The Bespoke Tailors' Benevolent Association is a charity supporting journeyman tailors no longer able to work due to blindness, illness or old age, and those tailors' spouses. As of 2022, it was run by ten trustees and 15 volunteers.

==History==
It was formed on 10 February 1837 as the Benevolent Institution for the Relief of Aged and Infirm Journeymen Tailors. Its founder and first president was a successful West End tailor named John Stultz. It purchased land at the south end of Queens Crescent, just off Haverstock Hill in north London, where between 1842 and 1843 it built the Tailors' Asylum. This consisted of ten almshouses (the southernmost of which was occupied by the chaplain) and a central chapel consecrated by Charles James Blomfield, Bishop of London, all in brick and stone in the neo-Gothic style designed by T Meyer. On 6 July 1859 it was granted a royal charter.

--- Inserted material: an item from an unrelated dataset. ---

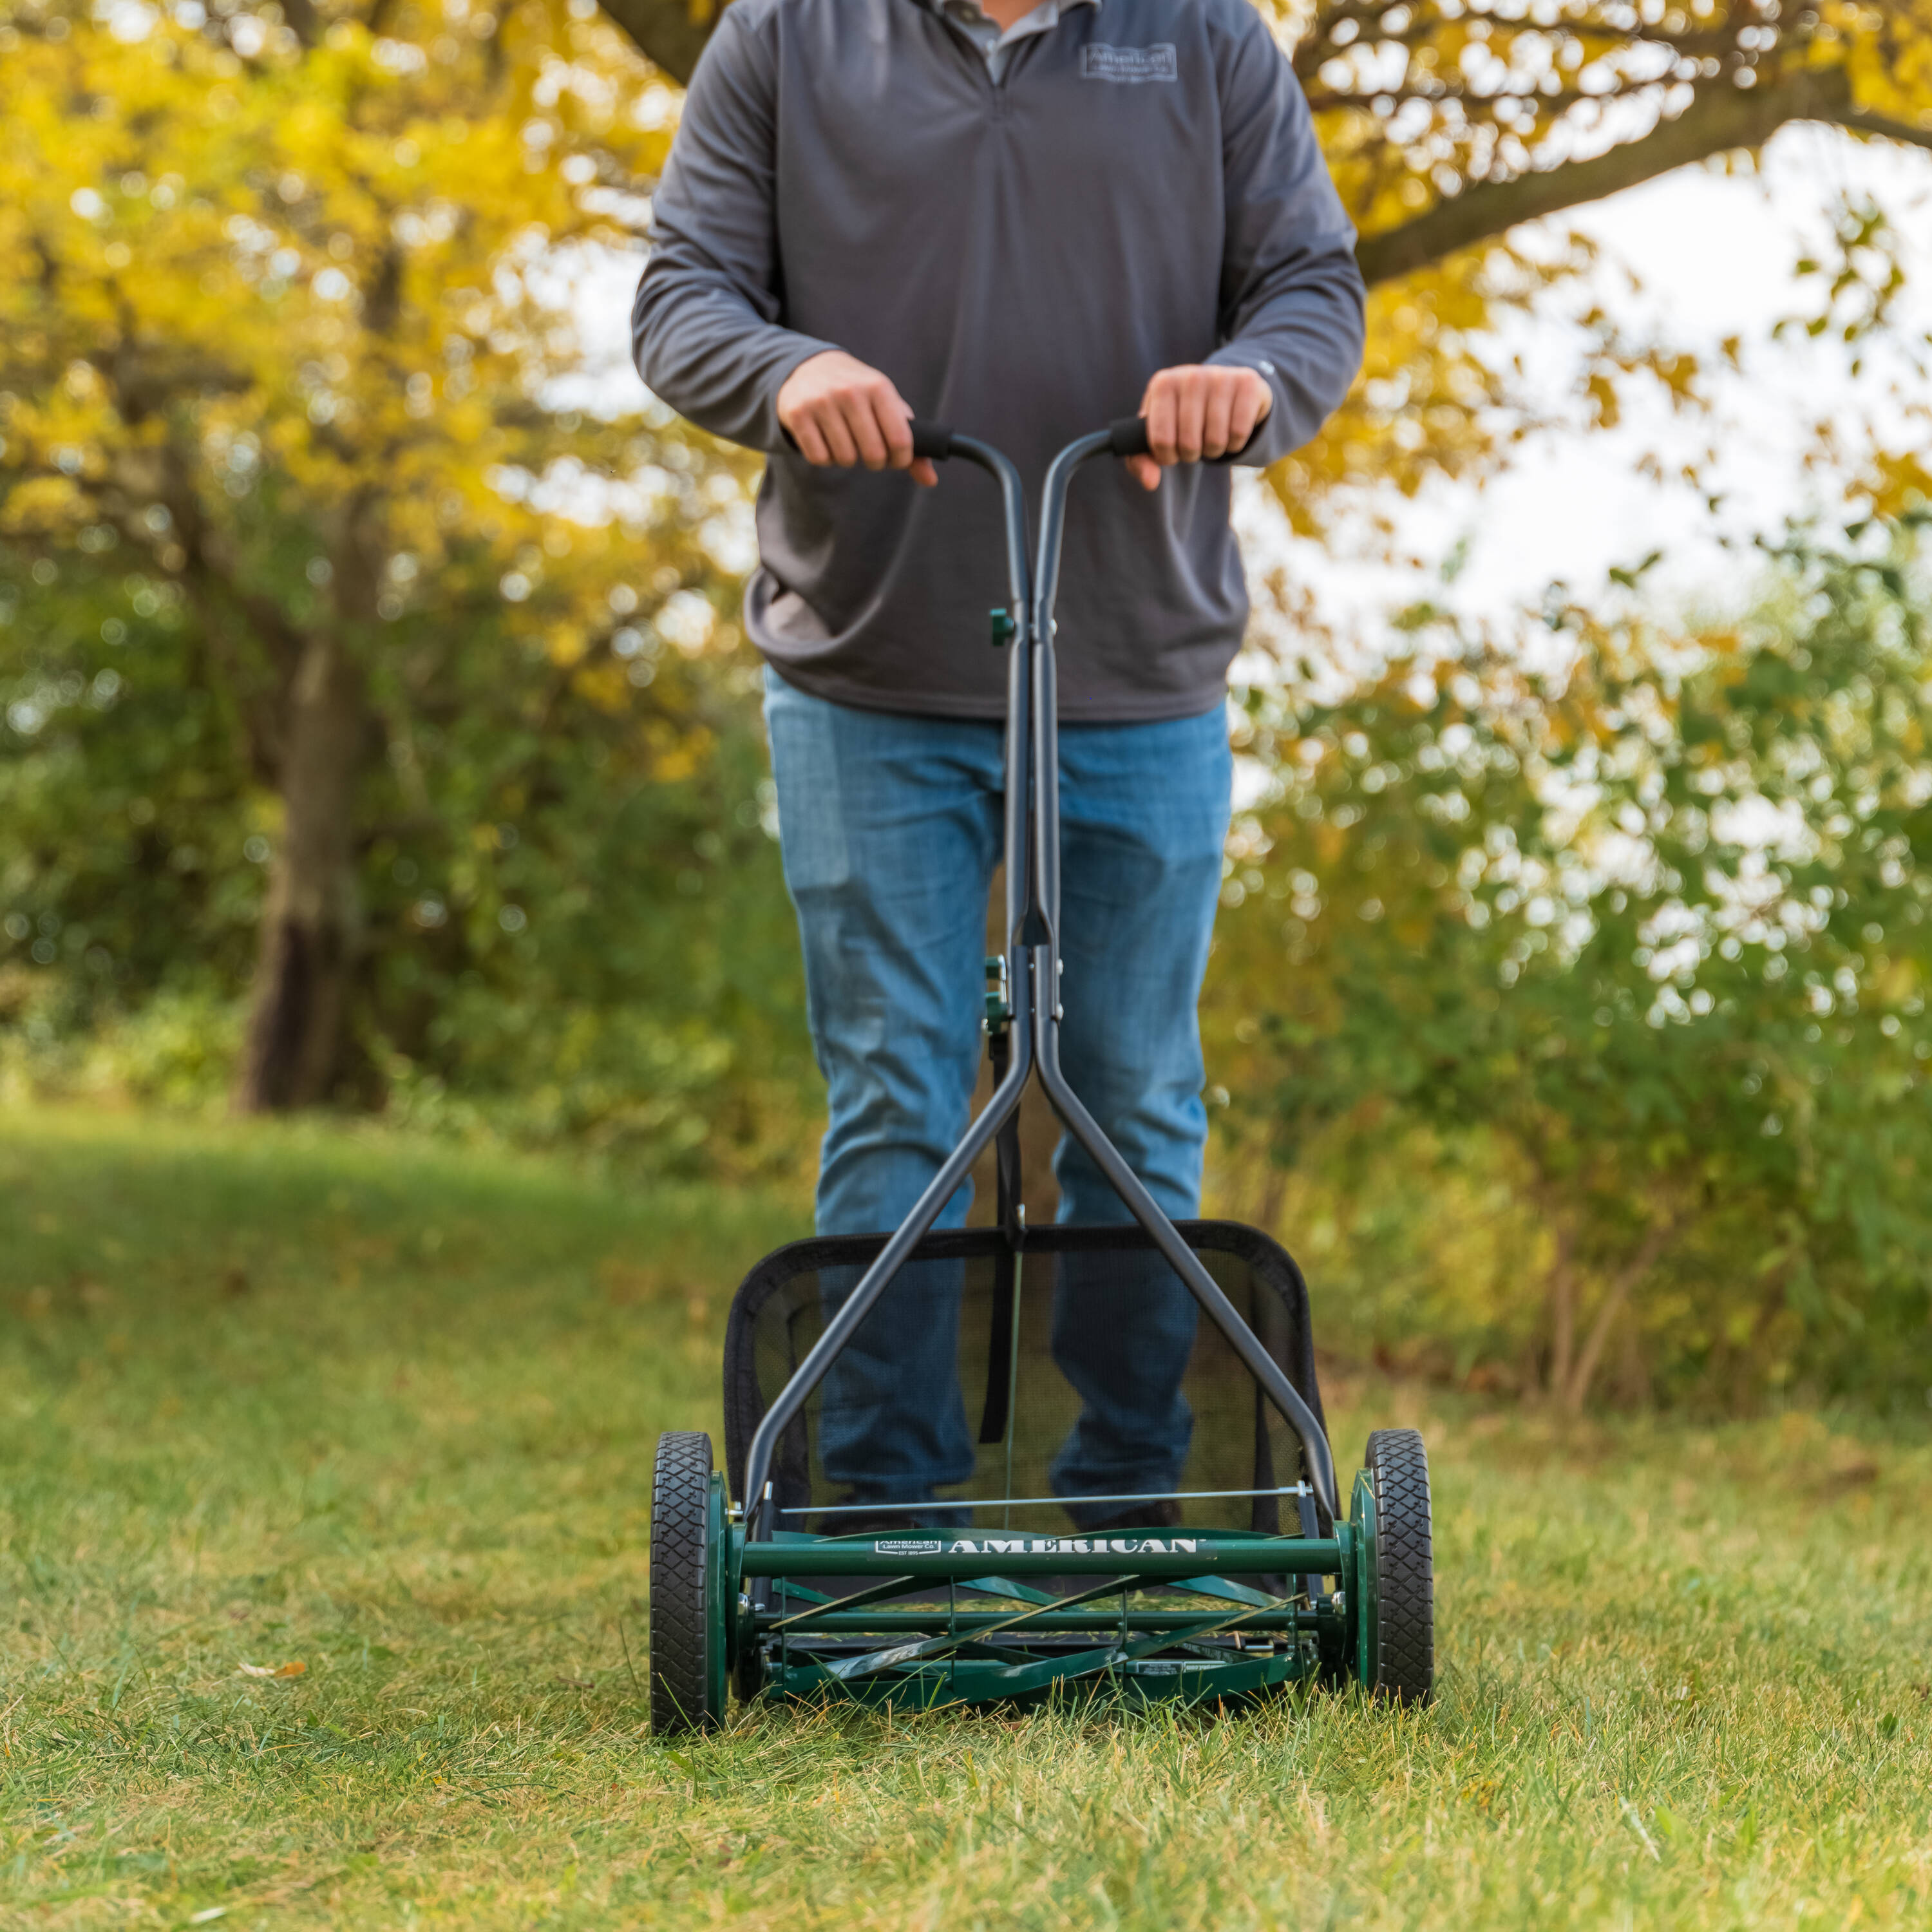 American Lawn Mower 16-Inch Reel Lawn Mower with Bagger, 7-Blade

In 1937, the Institution sold off the site to the London County Council, which built council flats on it, though the charity moved to a new building in South Croydon and in 1952, to a third one in Wandsworth. They finally moved out of the Wandsworth site, which was rebuilt (but kept at the disposal of the tailoring trade) as Tailors' Court by the Shaftesbury Housing Association. The charity's records before 1965 are now at the London Metropolitan Archives.